This is not a bashing thread im just wondering if anyone is in contact and knows if anything is going on. Id like my bike  or if im lucky to get my money back. Hopefully he is ok.

Thanks everyone.


----------



## THE STIG (Jul 14, 2017)

Not this shet again  ,,,, the azz whoopn will now begin


----------



## Aussie (Jul 14, 2017)

This is frustrating to hear. Your a very good and honest person and let's hope it's not what it sounds like.


Sent from my iPhone using Tapatalk Pro


----------



## Handle Bar Hoarder (Jul 14, 2017)

'' really '' not a again this sounds really familiar


----------



## CWCMAN (Jul 15, 2017)

Amanda,
I don't know the guy or have ever dealt with him but it looks like he logged on 13 hours ago, so one can assume that he's alive and kicking.

Good luck, I hope this does not drag on like the other ordeal you went through.
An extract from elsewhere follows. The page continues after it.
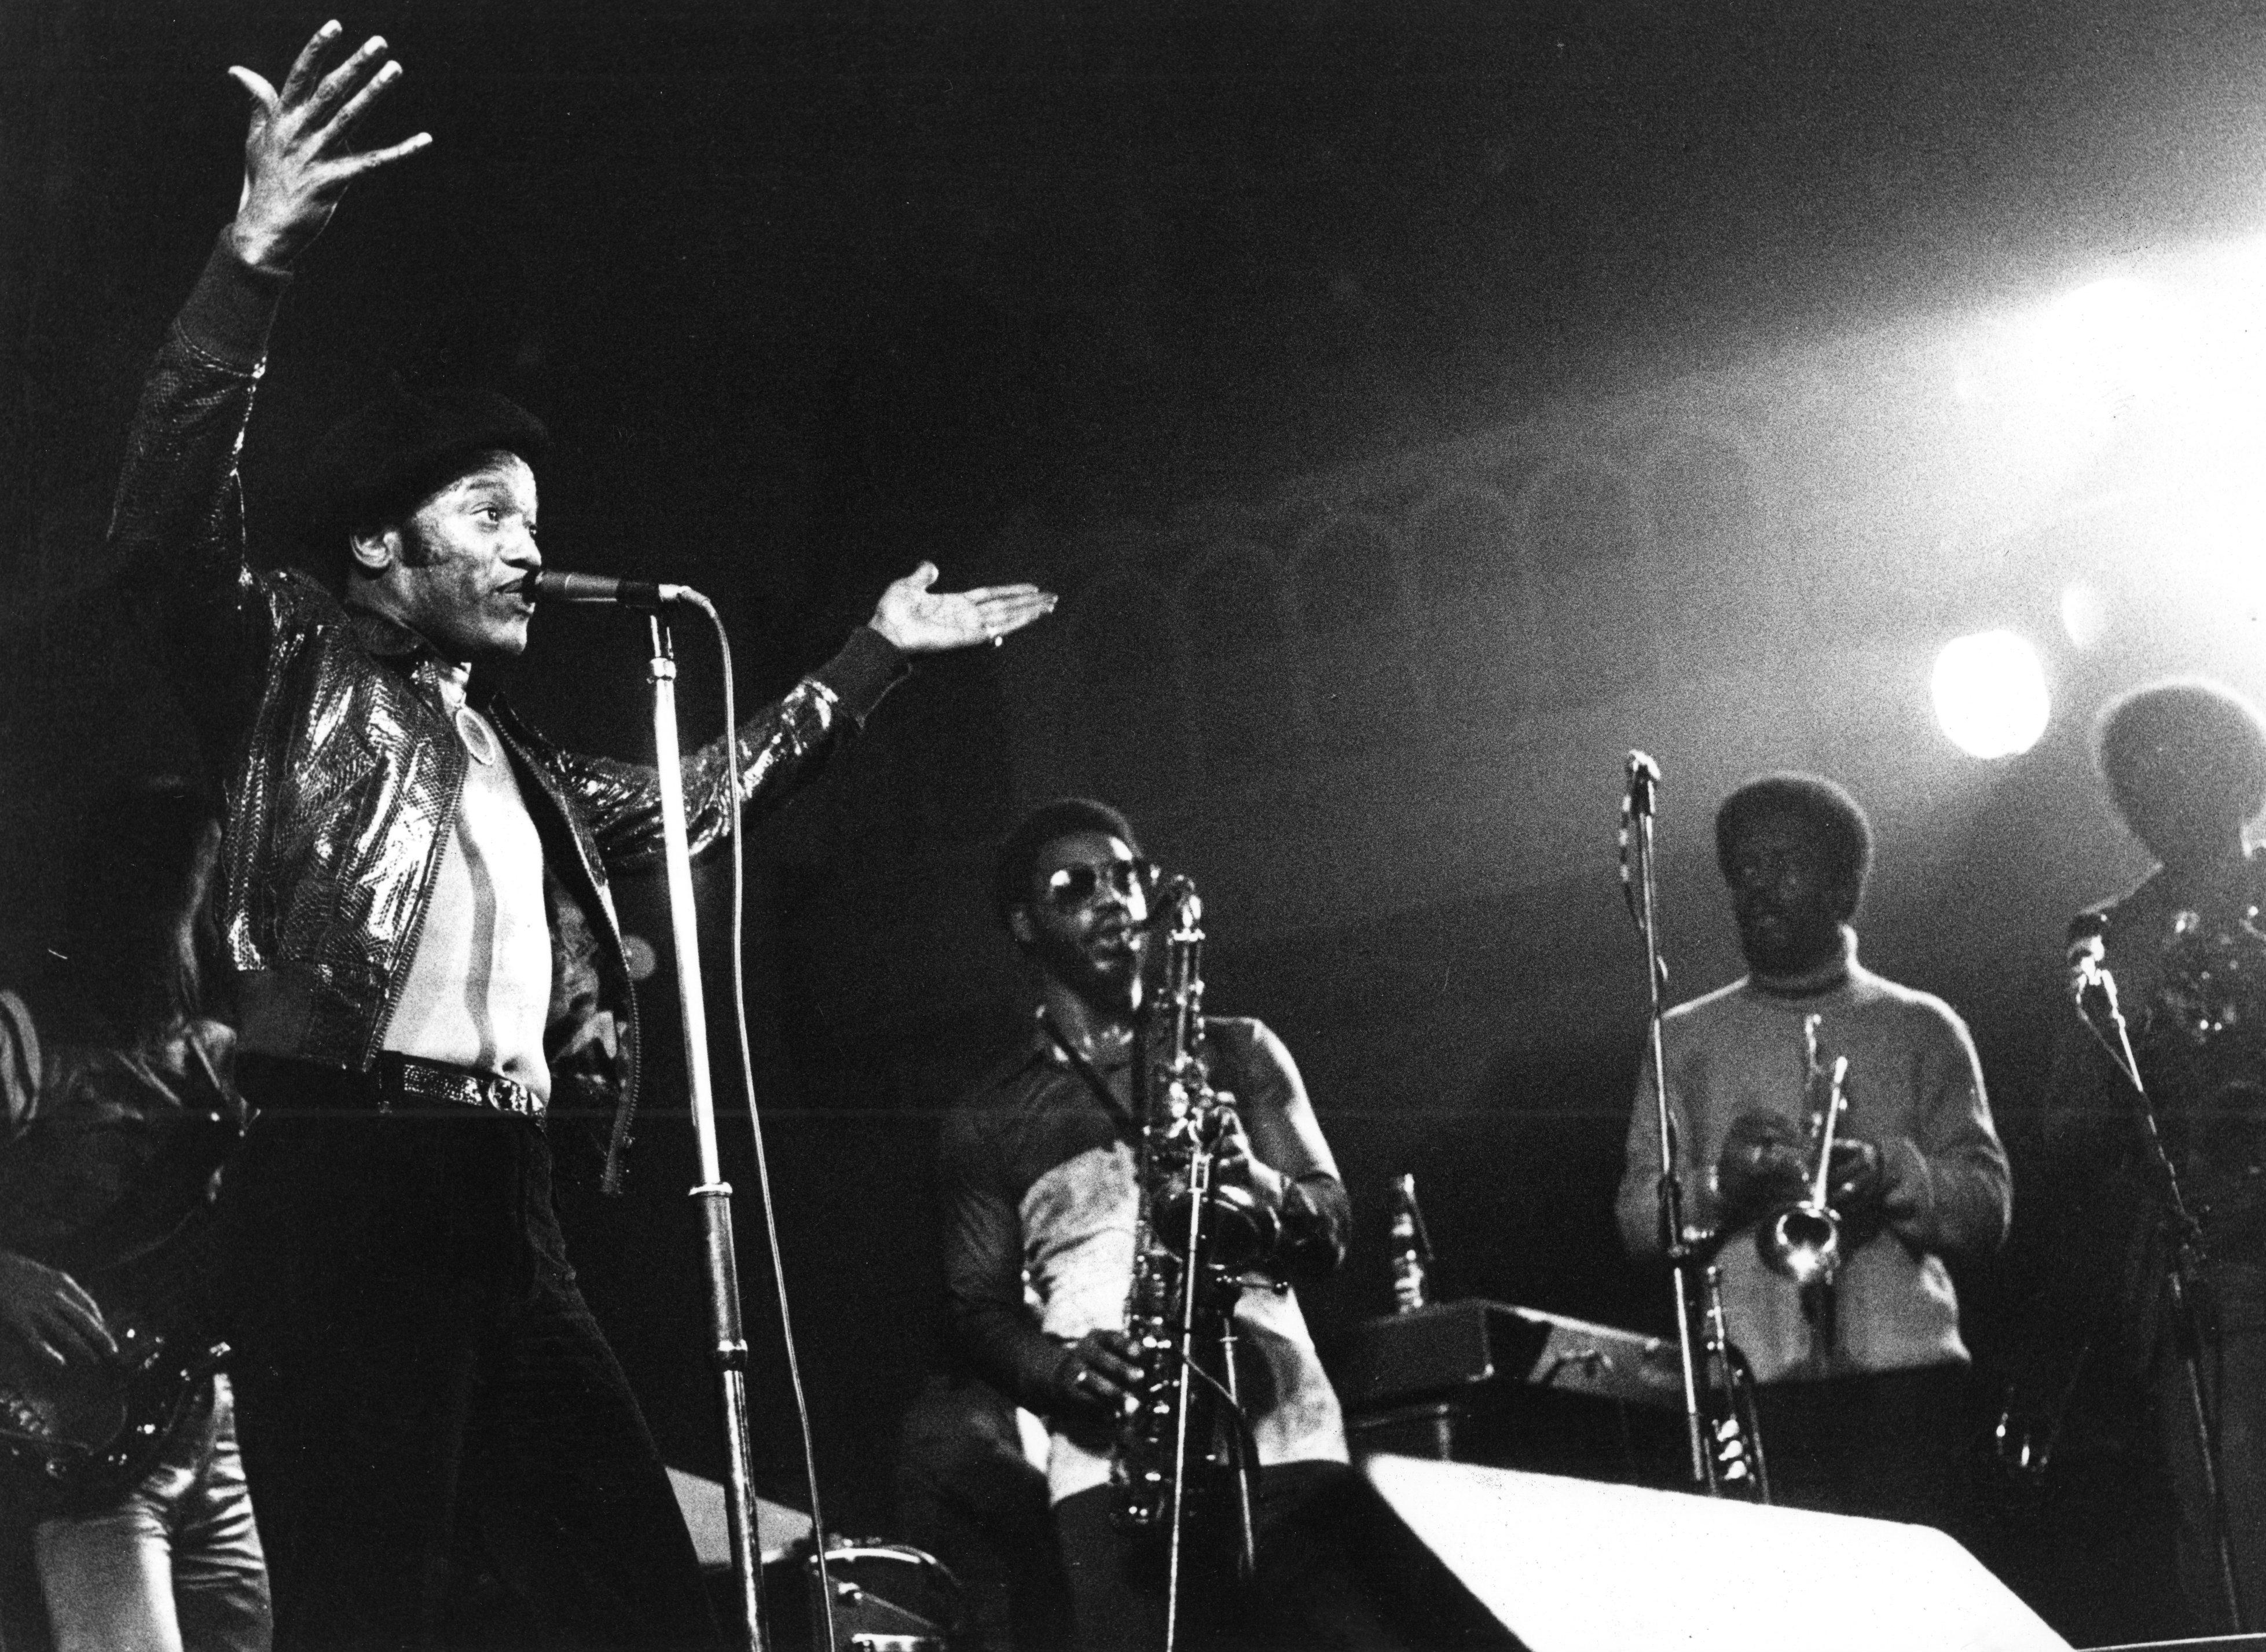 AMSTERDAM, NETHERLANDS: Bobby Womack performs live in Amsterdam, Netherlands in 1976 (Photo by Gijsbert Hanekroot/Redferns)

But on the bright side, at least this guy is not in Switzerland.


----------



## CWCMAN (Jul 15, 2017)

........


----------



## fordmike65 (Jul 15, 2017)

Please tell me you sent payment via PayPal...and did not use the FF option.


----------



## vincev (Jul 15, 2017)

fordmike65 said:


> Please tell me you sent payment via PayPal...and did not use the FF option.



I agree.Hope you paid the 3%


----------



## azbug-i (Jul 15, 2017)

He only accepted money orders. I ended up sending cash since it was only $200. And i figure people on here are honest. Ive noticed he has been logging on too and thats why i really dont understand what is going on.


----------



## Jeff54 (Jul 15, 2017)

azbug-i said:


> He only accepted money orders. I ended up sending cash since it was only $200. And i figure people on here are honest. Ive noticed he has been logging on too and thats why i really dont understand what is going on.





Consolation prize: if he is ill then might be dragging his feet, unwittingly not  realizing, it's causing what he could be misdiagnosing as depression but actually mental fatigue.  And if that's the case, then, you and he may be in a rock and hard place.. Spent the money no got's the shipping fees and no understanding what fatigue is and how to get out of it. And yet even if has shipping fees, fatigue can and will prevent motivation to get the job done. Spirals into a total mess.

I know I had it years ago, and until realized what it was, blamed my self, until I learned to reorganize my business plans or deal wit the limitations in more orderly fashion to get head out of water. Sickness and fatigue are some real pain in butt that causes depression on U sense of , for lack of better word, self image which complies into worse and worse conditions. .  Fortunately for me, I realized it and my limitations before things got worse or cause anybody else harm. .  Yet continues to plague my ability to succeed higher goals and or get things completed as I did in the past. .

Just a, although doesn't solve, but just a thought that might help smoothen out yawl's problem. Illness + mental fatigue = self worth  depression = sucks for all.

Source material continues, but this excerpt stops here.